# I owe IRS $4000. Is this normal?



## yns651 (Mar 15, 2020)

In 2019, I made gross earning for $60,000 in Uber platform and for $4500 in Postmates. I applied 36,886 mileage for business expense.

I am a single. I feel like it is too much. Please give me your advice.


----------



## SHalester (Aug 25, 2019)

did you have withholdings during the year?


----------



## mbd (Aug 27, 2018)

yns651 said:


> In 2019, I made gross earning for $60,000 in Uber platform and for $4500 in Postmates.
> 
> I am a single. I feel like it is too much. Please give me your advice.


Cheat on the miles... make it 70,000 miles... You will pay around 2500/2800$
standard deductions will put you at 7000$


----------



## yns651 (Mar 15, 2020)

SHalester said:


> did you have withholdings during the year?


Not much.

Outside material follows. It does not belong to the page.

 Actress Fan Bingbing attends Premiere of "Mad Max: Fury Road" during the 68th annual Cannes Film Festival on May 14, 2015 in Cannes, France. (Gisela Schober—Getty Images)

I was an part time employee in the last year from Jan to Mar 15. In that time, I only made $4033



mbd said:


> Cheat on the miles... make it 70,000 miles... You will pay around 2500/2800$
> standard deductions will put you at 7000$
> 
> 
> ...





mbd said:


> Cheat on the miles... make it 70,000 miles... You will pay around 2500/2800$
> standard deductions will put you at 7000$


Is this really possible? My accountant checked the tax form I got from Uber.


----------



## SHalester (Aug 25, 2019)

to reduce the 'shock' of paying taxes in April you can pay estimated pymts during the year..... I don't recommend you cheat on your taxes because if you get audited....uh oh....


----------



## mbd (Aug 27, 2018)

yns651 said:


> Not much. I was an part time employee in the last year from Jan to Mar 15. In that time, I only made $4033
> 
> 
> 
> ...


How many Uber miles does it show ?


----------



## yns651 (Mar 15, 2020)

mbd said:


> How many miles does it show ?


36886


----------



## mbd (Aug 27, 2018)

yns651 said:


> 36886


Are you driving XL or higher ?


----------



## TemptingFate (May 2, 2019)

yns651 said:


> In 2019, I made gross earning for $60,000 in Uber platform and for $4500 in Postmates. I applied 36,886 mileage for business expense.
> 
> I am a single. I feel like it is too much. Please give me your advice.


You're doing it wrong. 
You should have no or nearly no net taxable earnings from rideshare. Did you subtract Uber's take from your gross earnings? Did you apply the mileage deduction correctly? Go to a CPA if TurboTax is not helping you enough.


----------



## mbd (Aug 27, 2018)

mbd said:


> Are you driving XL or higher ?


60,000$ on 36,000 miles ?


----------



## mbd (Aug 27, 2018)

mbd said:


> 60,000$ on 36,000 miles ?


If it is 36,000 miles you should pay close to 6000$
36,000 miles is 20,000$ deduction
Plus additional 15,000$ deduction max ?


----------



## yns651 (Mar 15, 2020)

TemptingFate said:


> You're doing it wrong.
> You should have no or nearly no net taxable earnings from rideshare. Did you subtract Uber's take from your gross earnings? Did you apply the mileage deduction correctly? Go to a CPA if TurboTax is not helping you enough.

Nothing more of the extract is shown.